Students will learn how to …
Last week was hot!!! What refreshing treat do people enjoy on a hot day? ICE CREAM! As we come to the end of the summer and the cooler weather of the fall, let’s take a look at this fun dataset about ice cream sales and weather.
These data are provided on github by Guilherme D. F. Silva (guilhermedom).
###Import the data
icecream<-read.csv("https://raw.githubusercontent.com/guilhermedom/perceptron-regression-ice-cream-per-temp/refs/heads/main/data/raw/icecream_sales.csv",
header=TRUE)
###Look at the data
str(icecream)
## 'data.frame': 500 obs. of 2 variables:
## $ Temperature: num 24.6 26 27.8 20.6 11.5 ...

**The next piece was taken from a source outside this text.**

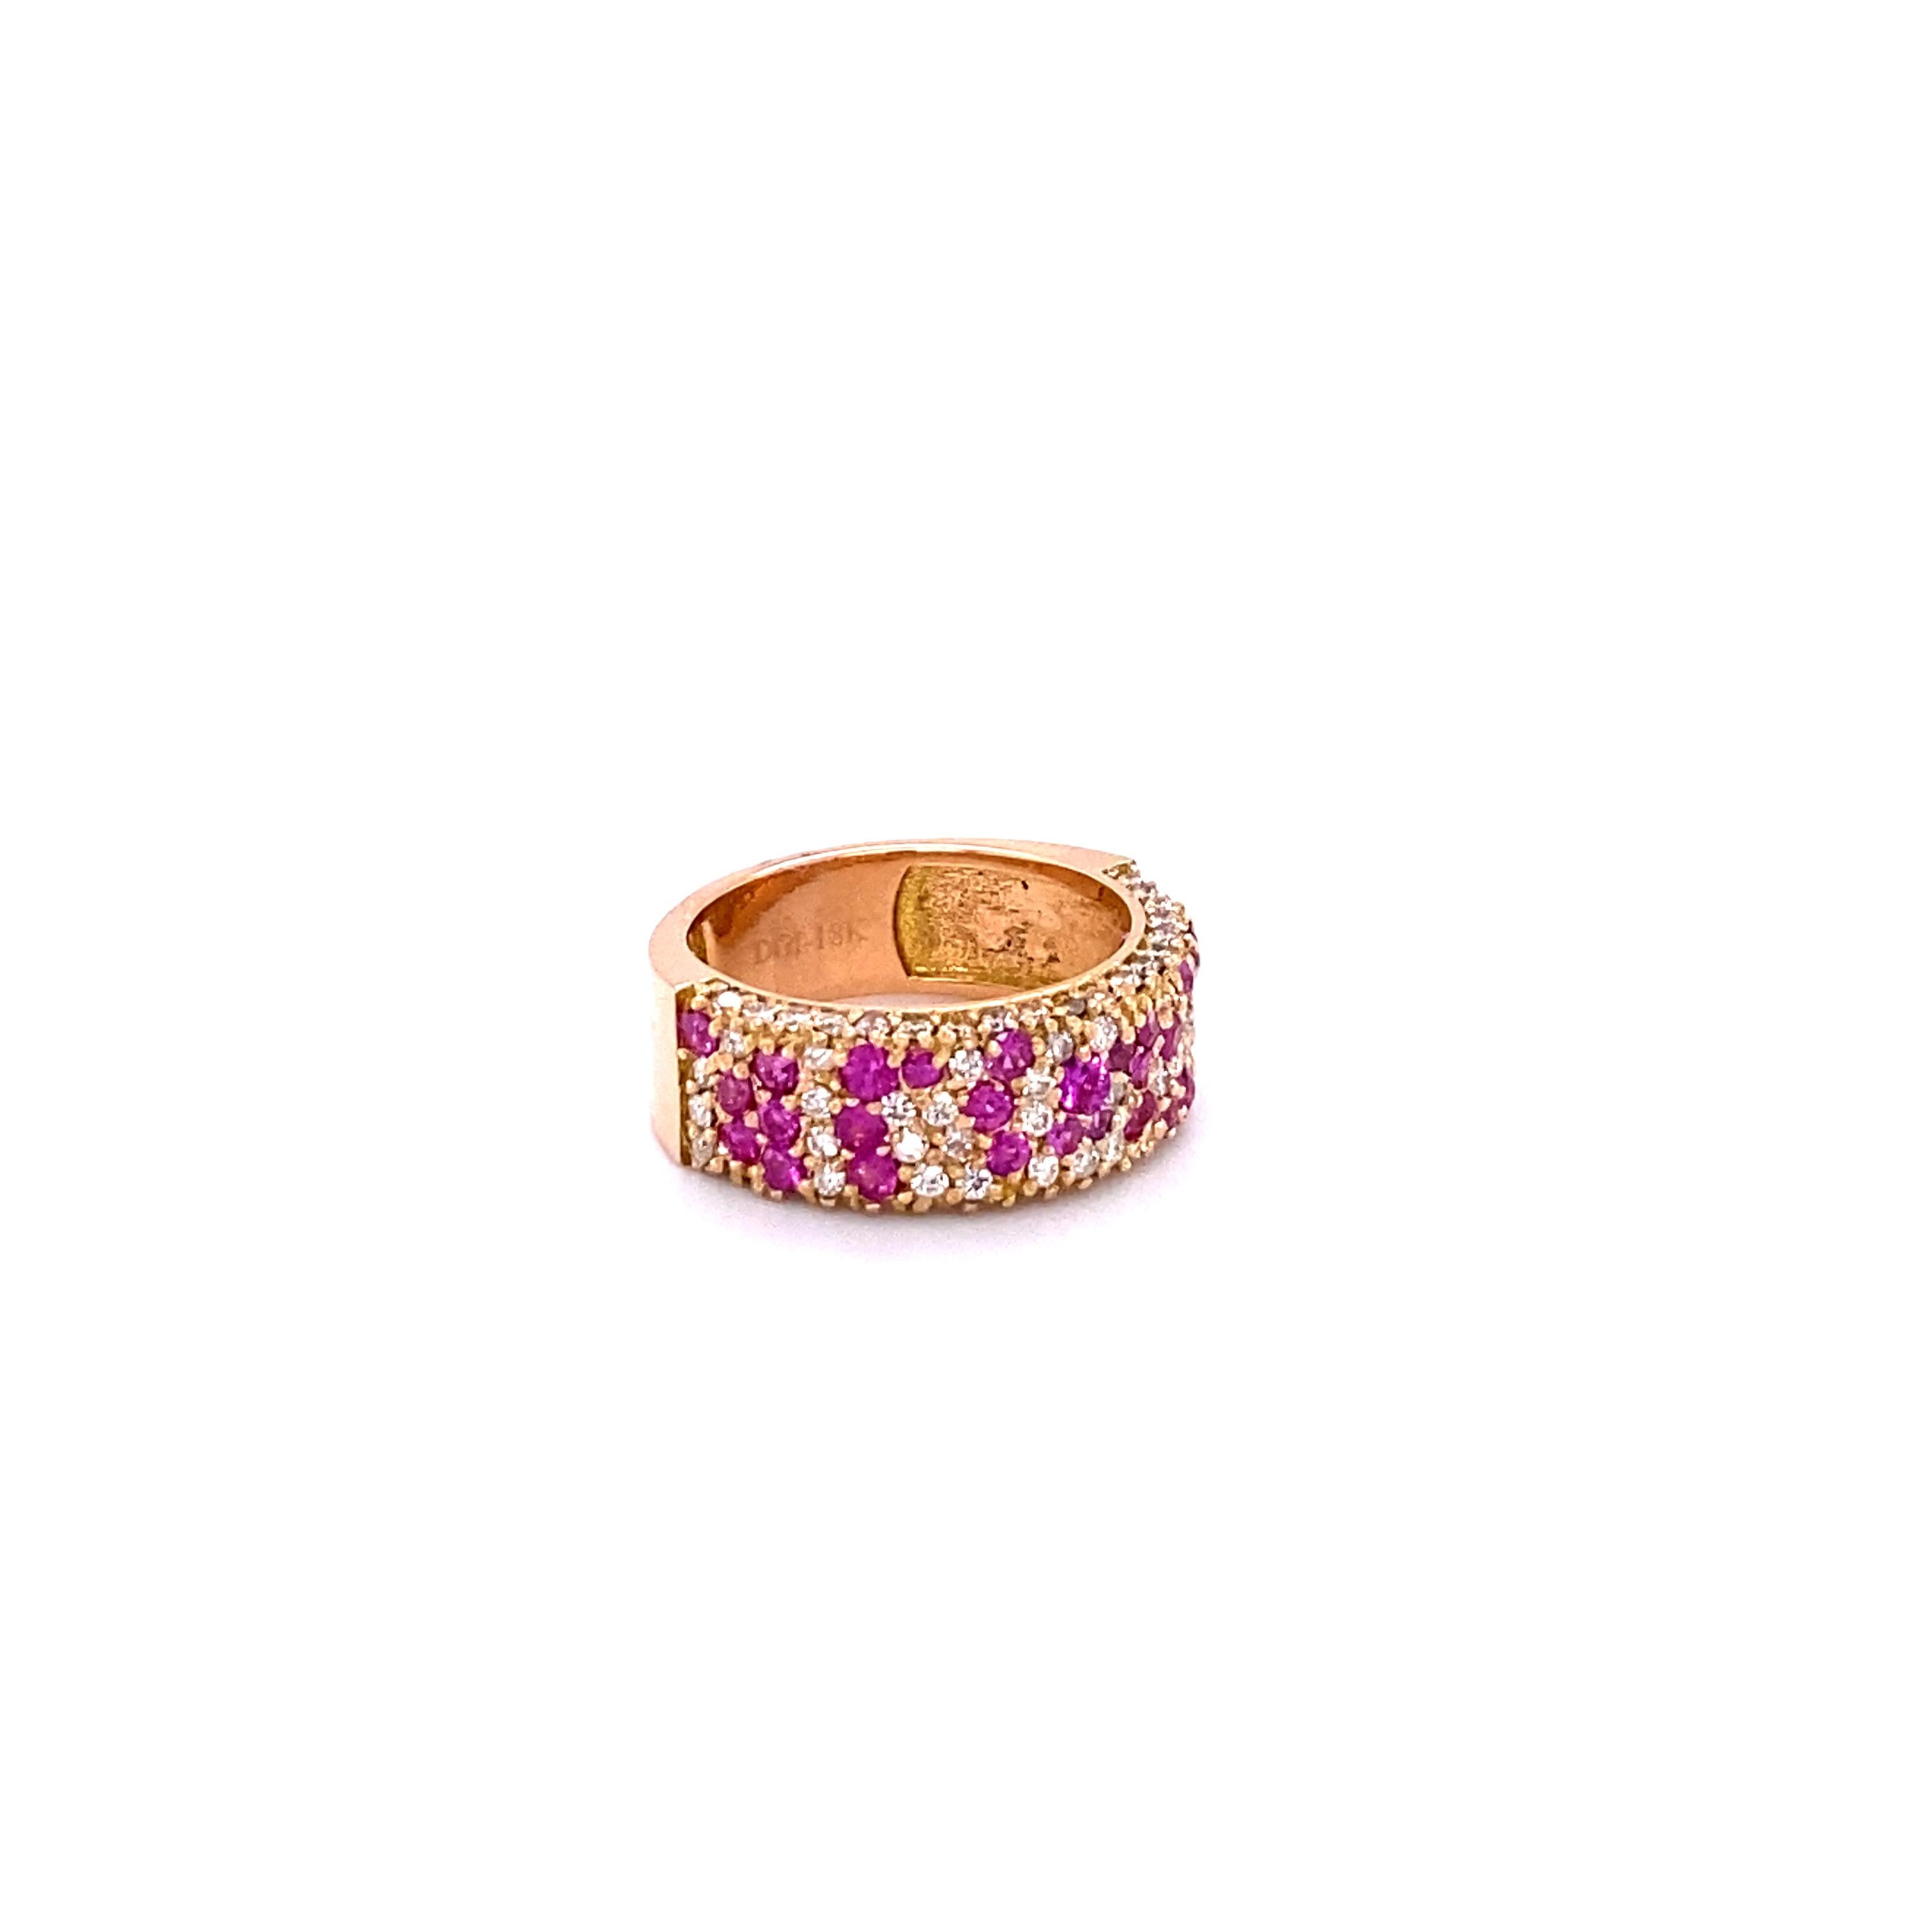 Ring aus 18 Karat Roségold mit 2,10 Karat Saphir und Diamant

Dieses einzigartige Band besteht aus einem Cluster von 35 rosa Saphiren mit einem Gewicht von 1,23 Karat und 75 Diamanten im Rundschliff mit einem Gewicht von 0,87 Karat.  Die Diamanten

## $ Revenue : num 535 625 661 488 316 ...
#View(icecream)
###Get access to the data set and create variables for easy access later
temp<-icecream$Temperature
rev<-icecream$Revenue
### IN BASE
###Make a histogram of the response variable
hist(rev)
### IN GGPLOT
library(tidyverse)
## ── Attaching core tidyverse packages ──────────────────────── tidyverse 2.0.0 ──
## ✔ dplyr 1.1.4 ✔ readr 2.1.5
## ✔ forcats 1.0.0 ✔ stringr 1.5.1
## ✔ ggplot2 3.5.2 ✔ tibble 3.3.0
## ✔ lubridate 1.9.4 ✔ tidyr 1.3.1
## ✔ purrr 1.1.0
## ── Conflicts ────────────────────────────────────────── tidyverse_conflicts() ──
## ✖ dplyr::filter() masks stats::filter()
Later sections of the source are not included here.